New problem with the phone is that now, one in five times of closing the phone, it will just shut down. And, of course, it takes five minutes to restart. It makes me want to launch it into orbit.
So, my computer is a quad core HP desktop with 8gb of memory and ample disk storage. This thing should just scream speed. And it did. Until Sunday. Something was updated (one of many updates I decided to let it install, my bad.) Once it restarted, it has been crawling. A quick look at the task list does not show anything unusual. It just hates me.
I pull out the laptop to use while watching a program on television with my son. I notice the battery is down to 65%. After making sure the power adaptor is, in fact, plugged in, I decided that it is indeed HP that hates me and not just the desktop computer.
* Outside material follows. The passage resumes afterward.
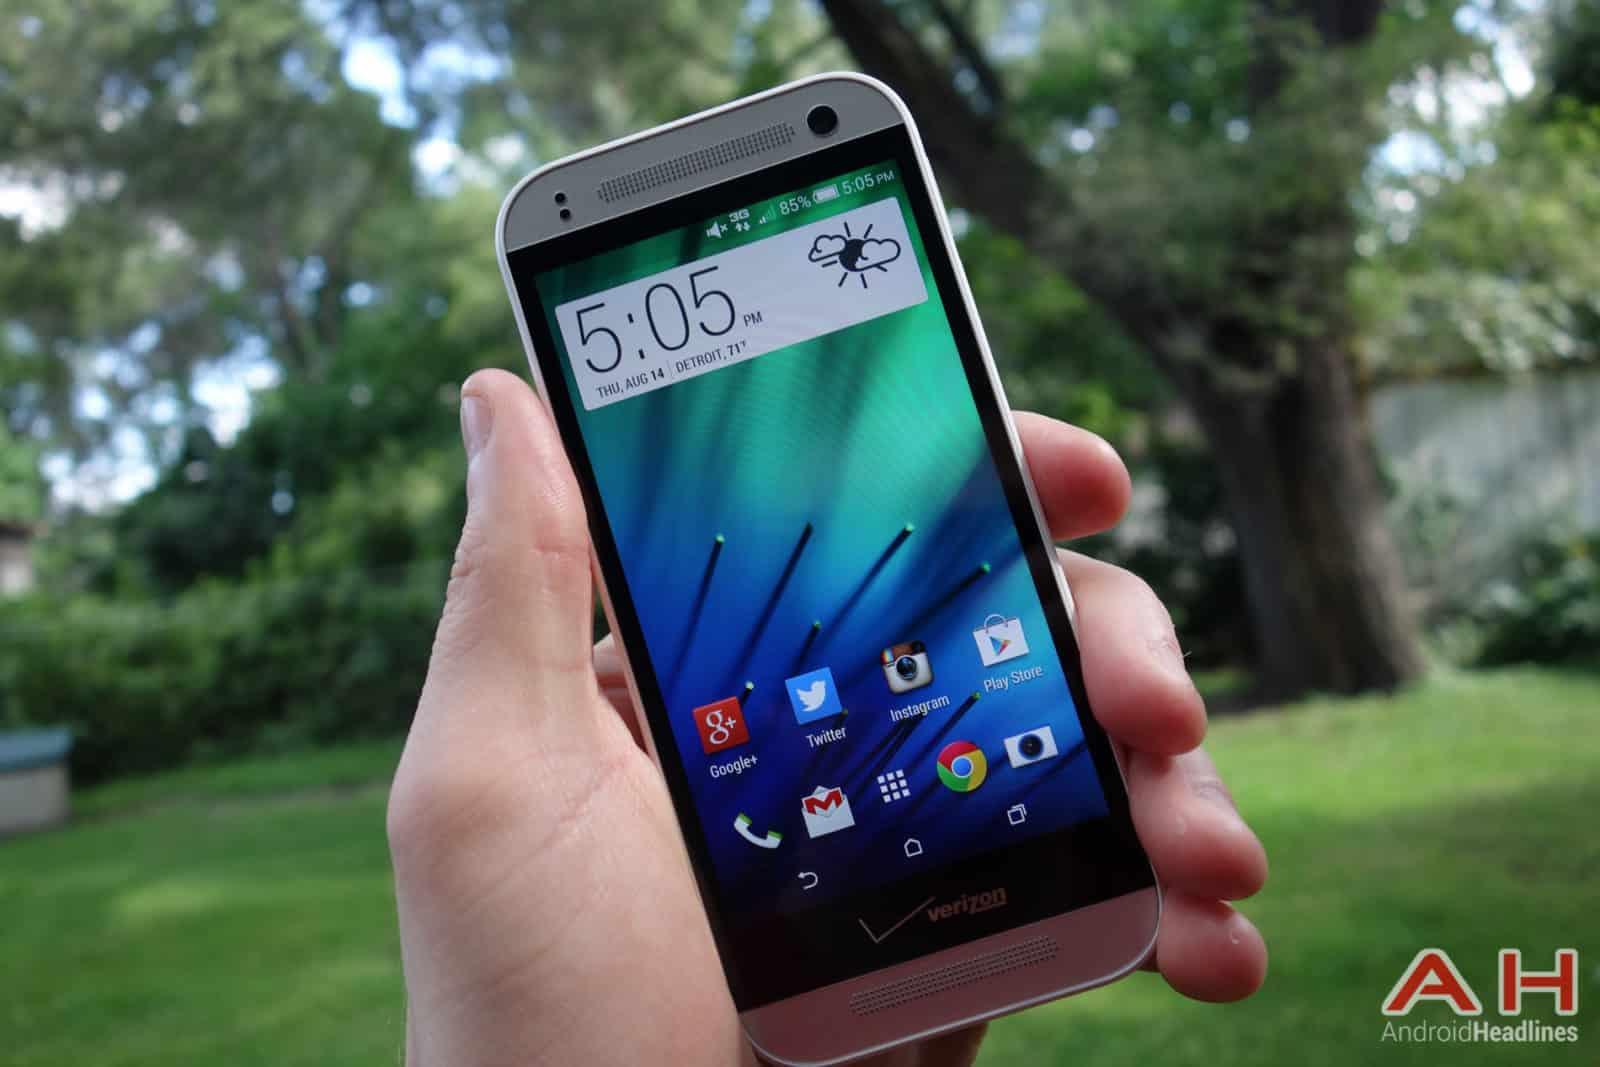 HTC-One-Remix-AH-11
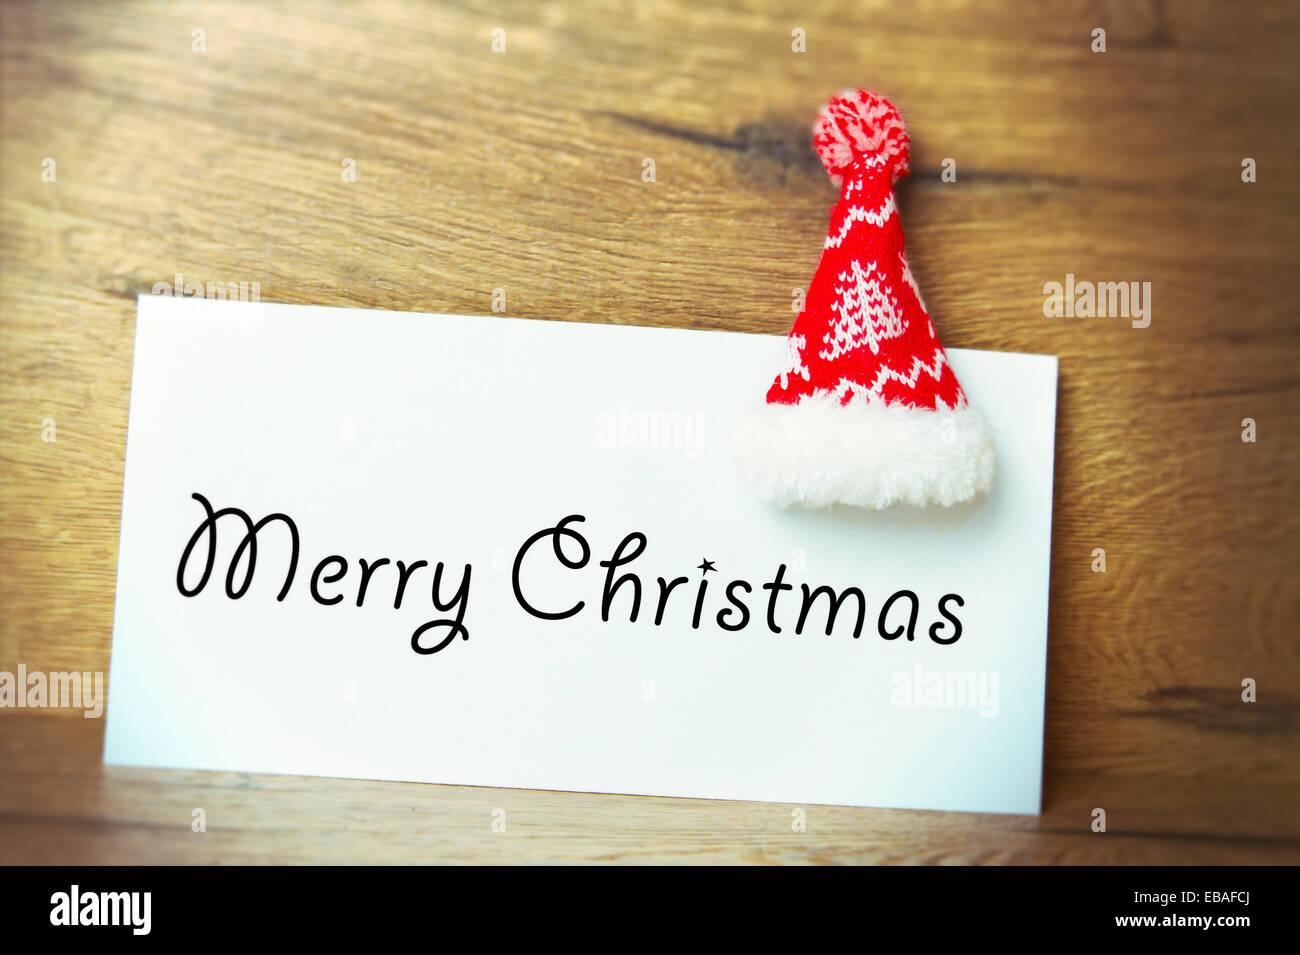 Funny Christmas Card Stock Photos Funny Christmas Card Stock

What really had put this whole argument with technology in the toilet was the Buffalo router. I suppose it is really a blessing in disguise as I finally had a reason to buy a nice router. The way it died, however, was just insidious. It didn’t just stop working. Oh no. No, it just stopped talking to the Internet. Then it stopped talking to the other computers. It still lights up and shows it is connected, but it is a liar. It knows I am watching it. It flirts with me. Winking its lights incessantly. But, I know better. I know it is not REALLY working.
The Buffalo’s replacement is a shiny new D-Link router. It is a nice, shiny black. It has green lights that blink very quickly. Did I say it was shiny? No? It is very shiny. And this one lets me block things, keep nice logs, make one of a hundred different settings changes. It is also very shiny. I am in love with my router. I know it will let me down, they always do. But, I will enjoy our relationship as long as I can.
Tonight, as I pen this, I feel like a character-one of the humans-from a dreadful Steven King novella. You know, that awful one where the trucks come to life. Yeah, that one. My computer will sprout legs and chase me around. I know it will. I’m watching it, though. I’m watching.